Reading and imagining the story from the father’s perspective frustrates our understanding of justice, fairness, and grace. We want people to be punished for their mistakes, we want them to grovel when they’ve wronged us, we want payment for our suffering.

We don’t want to welcome the prodigal home. We want to be rid of the people who drive us crazy. We don’t want to waste our time on someone who might disappear again. We want to honor the good people who have been with us. We don’t want parties for sinners. We want celebrations for saints.

And then Jesus tells this story about the Loving Father and everything gets flipped upside down.

The power of this parable is not the good and warm and fuzzy feelings we have when we hear it, but in God’s love being so strong that it can offend us. God’s forgiveness and mercy is so powerful that it is beyond our ability to understand. God truly loves the unlovable, forgives the unforgivable, and welcomes us whenever we stray away.

God’s love is weird. And we would do well to remember that. Not to belittle God’s love into a line on a Hallmark card, but to be offended by how God could love the people we hate. Not to limit God’s love to the people in the pews next to us, but get angry that God even loves the people who sleep in on Sunday mornings. Not to assume that God only loves Christians, but to be offended by the truth: For God so loved the world that he gave his only begotten Son.

The parable of the Loving Father will forever frustrate and offend our sensibilities precisely because God’s grace is offered to all, and all really means all.

 

 

Responding:

We are going to try something a little weird. I want us to take a moment to think about someone that absolutely drives us crazy.
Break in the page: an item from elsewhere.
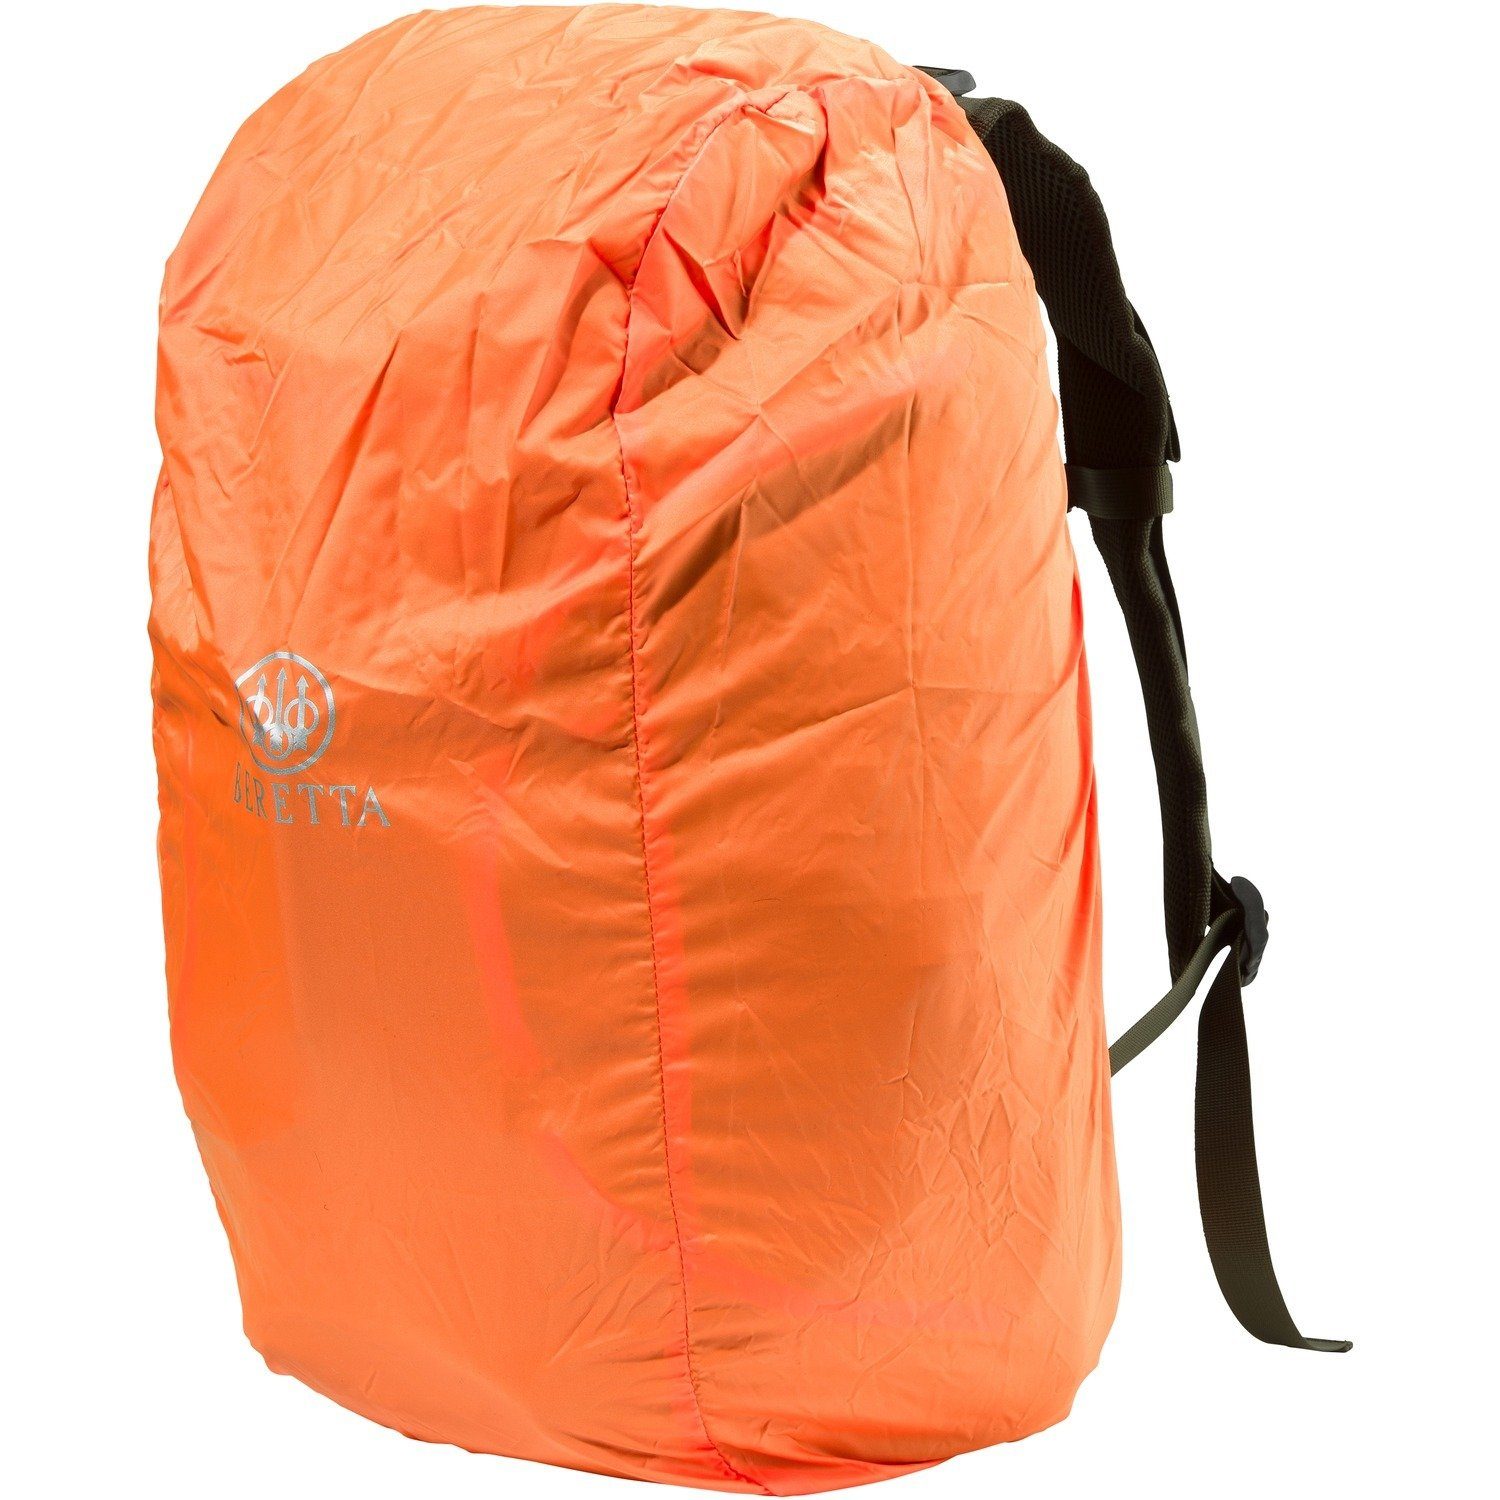 Damen Rucksäcke Beretta Freizeitrucksack Rucksack Modular Backpack 35 Liter

It might be a neighbor who is forever frustrating our understanding of decency. Or maybe it is someone in our family that always takes everything too far. Or maybe it is one of the candidates running for president this year. Just think of someone who you can’t stand. Picture them in your mind. And then I want you to think about them walking into our sanctuary right now and pummeling them with loves and kisses. I want you to imagine grabbing them by the hand and dancing around the sanctuary in the midst of the greatest party you’ve ever attended.

Because in a moment we are going to put on some music, and we are going to dance like we’ve never danced before. We are going to break out of our pews and boogey up and down the church. And it is going to be weird and uncomfortable, it is going to upend our ideas of what church should be like, because sometimes God’s grace should be offensive.